WHAT YOU ARE ASKED TO DO – Could you restate word for word only the lines below from the one holding "Elegant White Purple" to the one holding "Antique Grand Tour", inclusive, and leave out the pictures?

INFORMATION GIVEN –
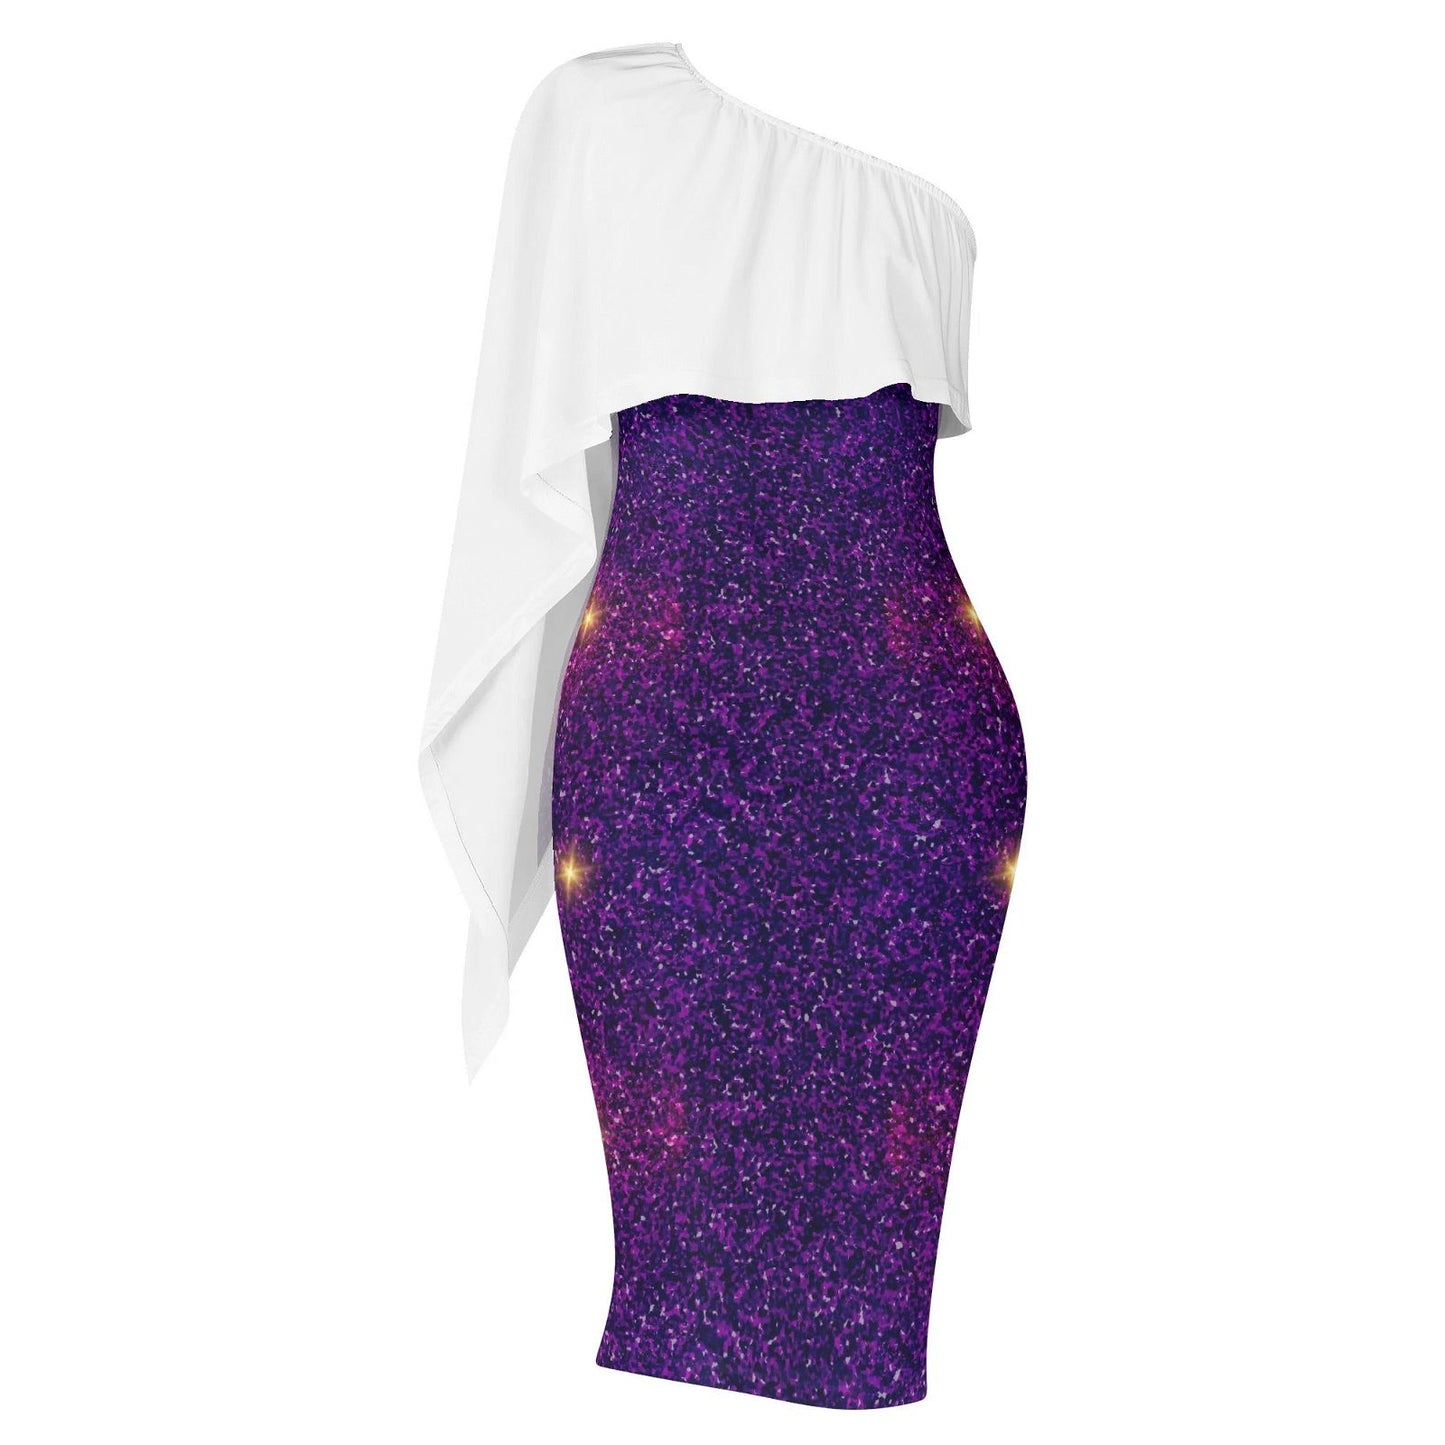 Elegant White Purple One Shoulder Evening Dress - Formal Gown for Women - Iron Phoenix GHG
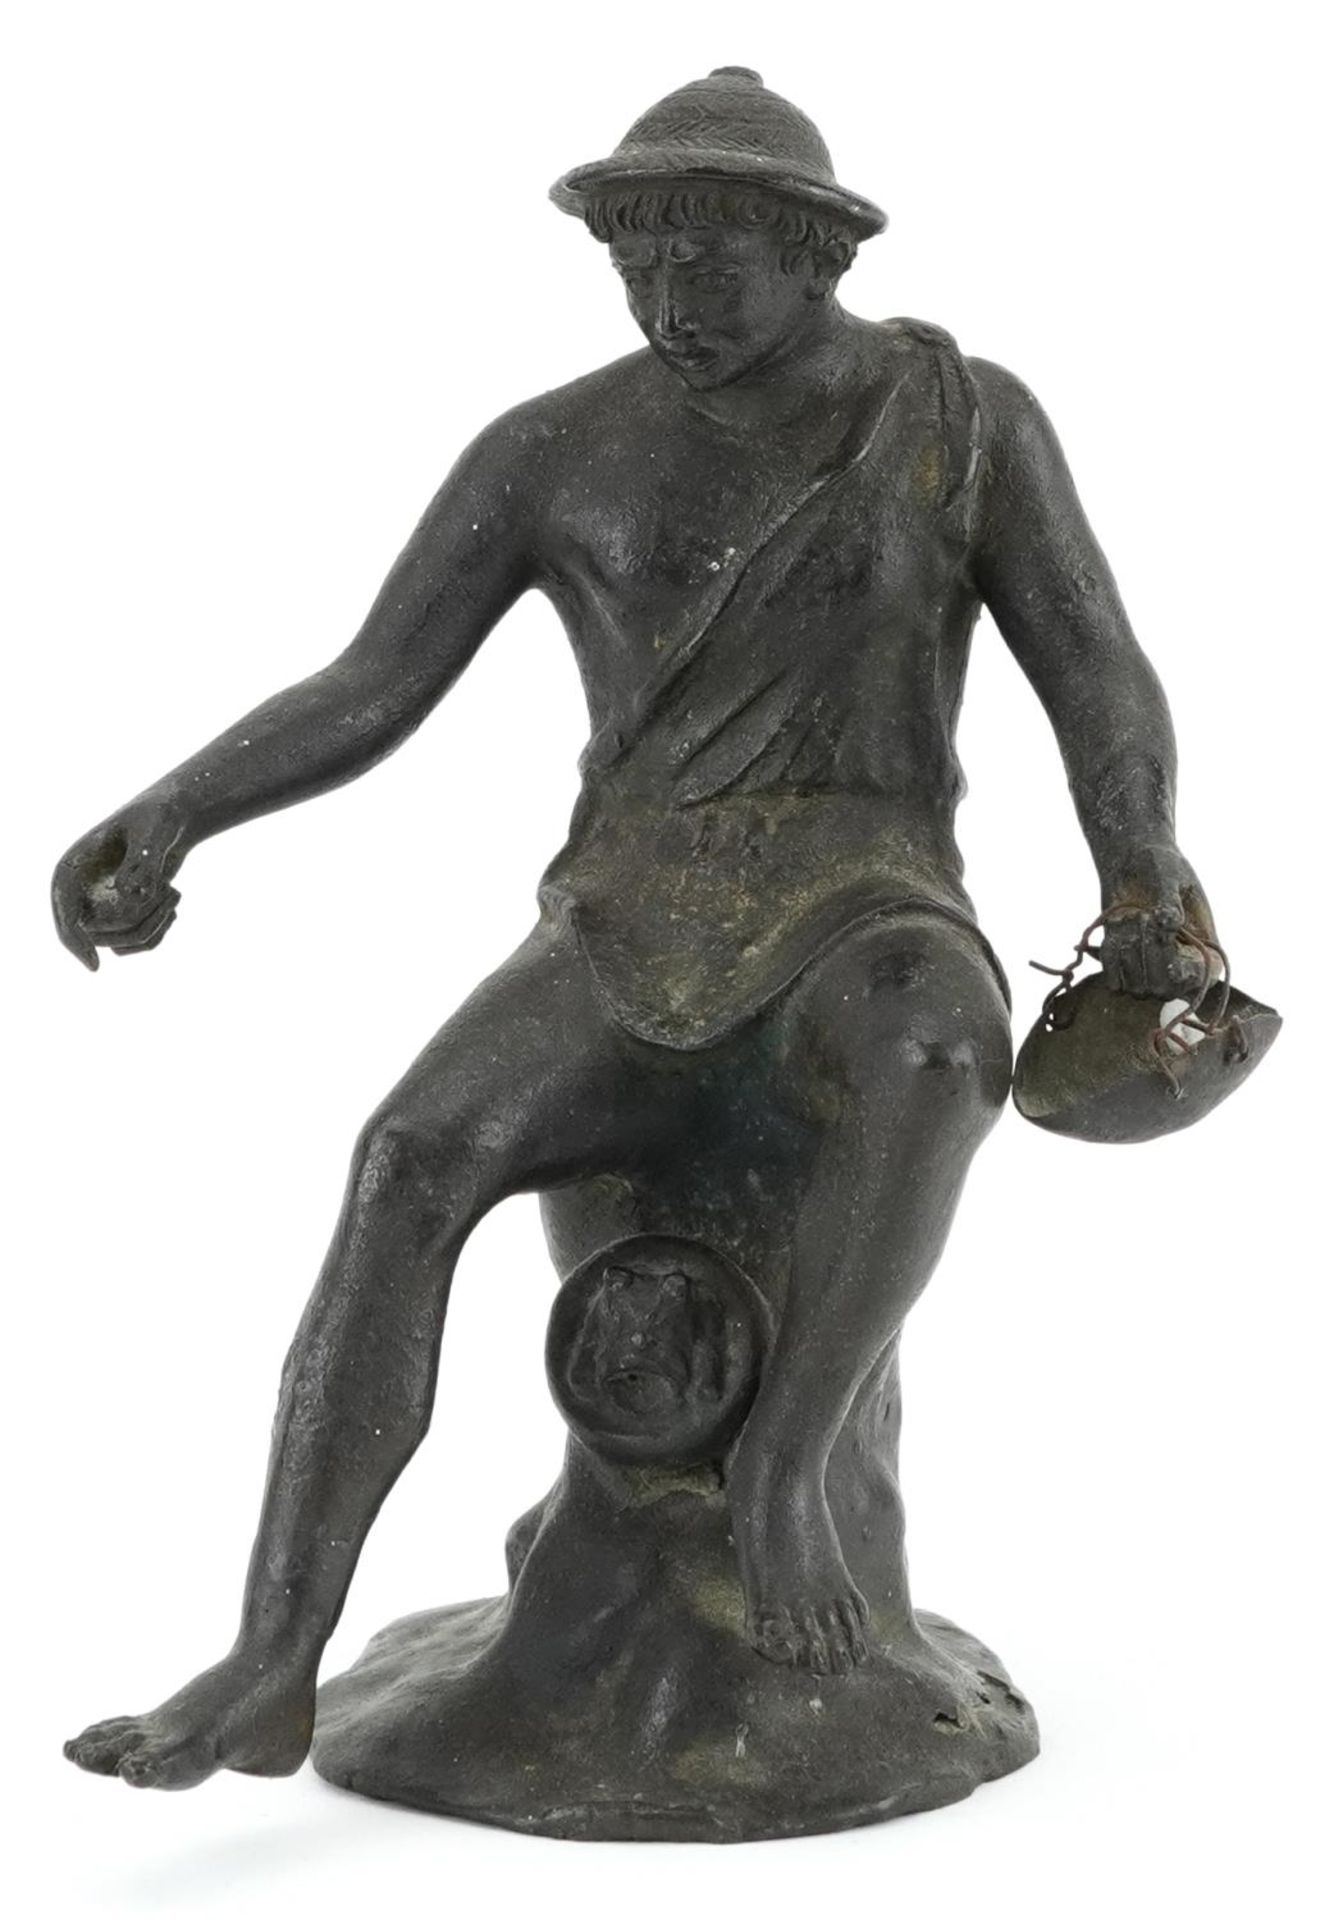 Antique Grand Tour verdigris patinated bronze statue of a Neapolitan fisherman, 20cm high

---

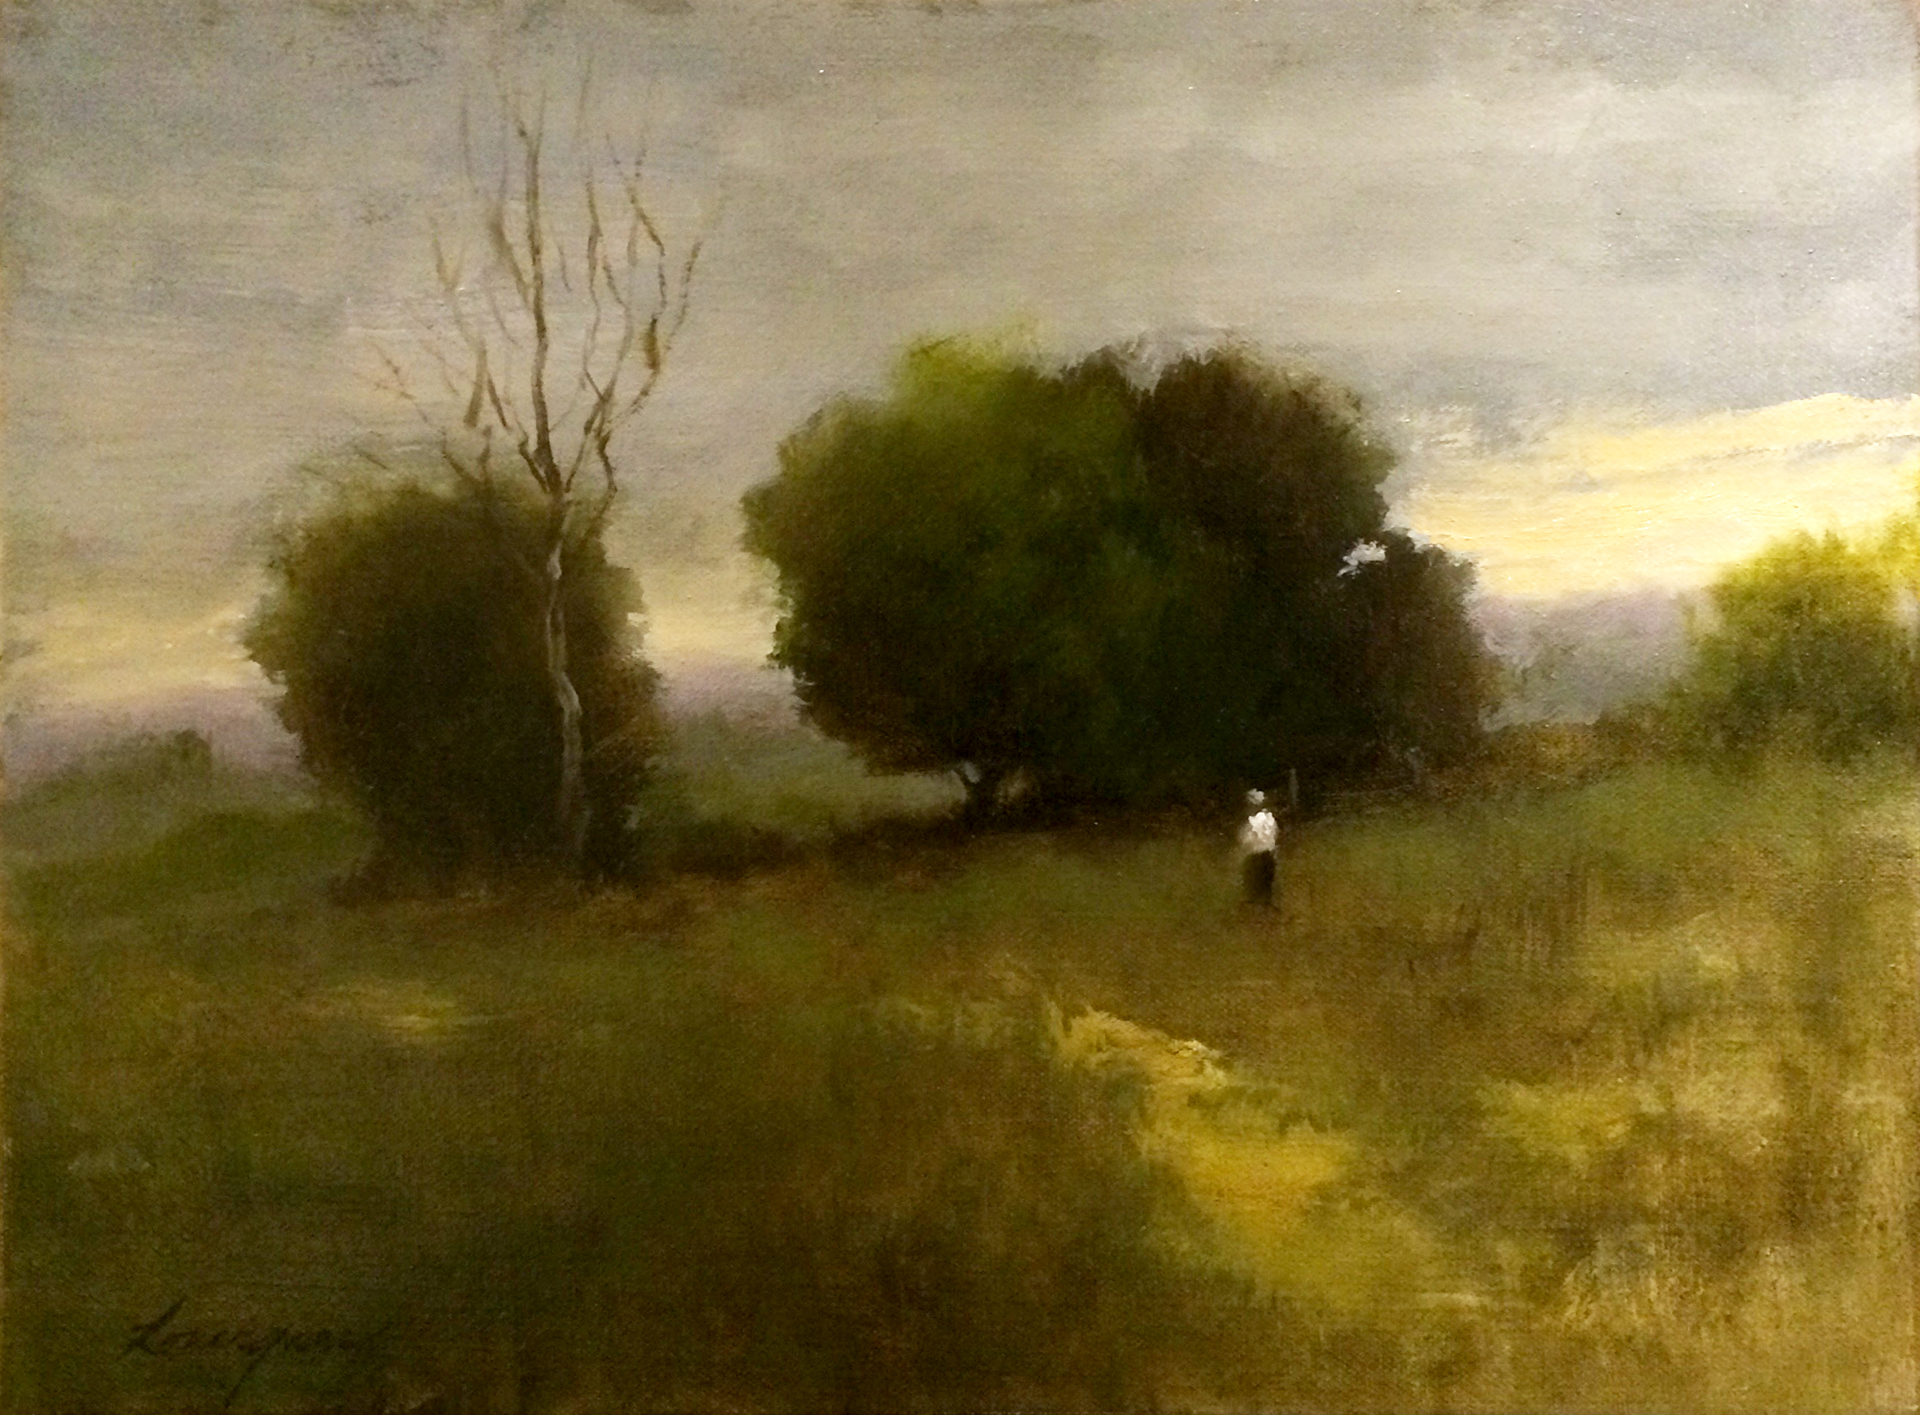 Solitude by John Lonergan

RESULT FOR THIS EXERCISE –
 Elegant White Purple One Shoulder Evening Dress - Formal Gown for Women - Iron Phoenix GHG
 Antique Grand Tour verdigris patinated bronze statue of a Neapolitan fisherman, 20cm high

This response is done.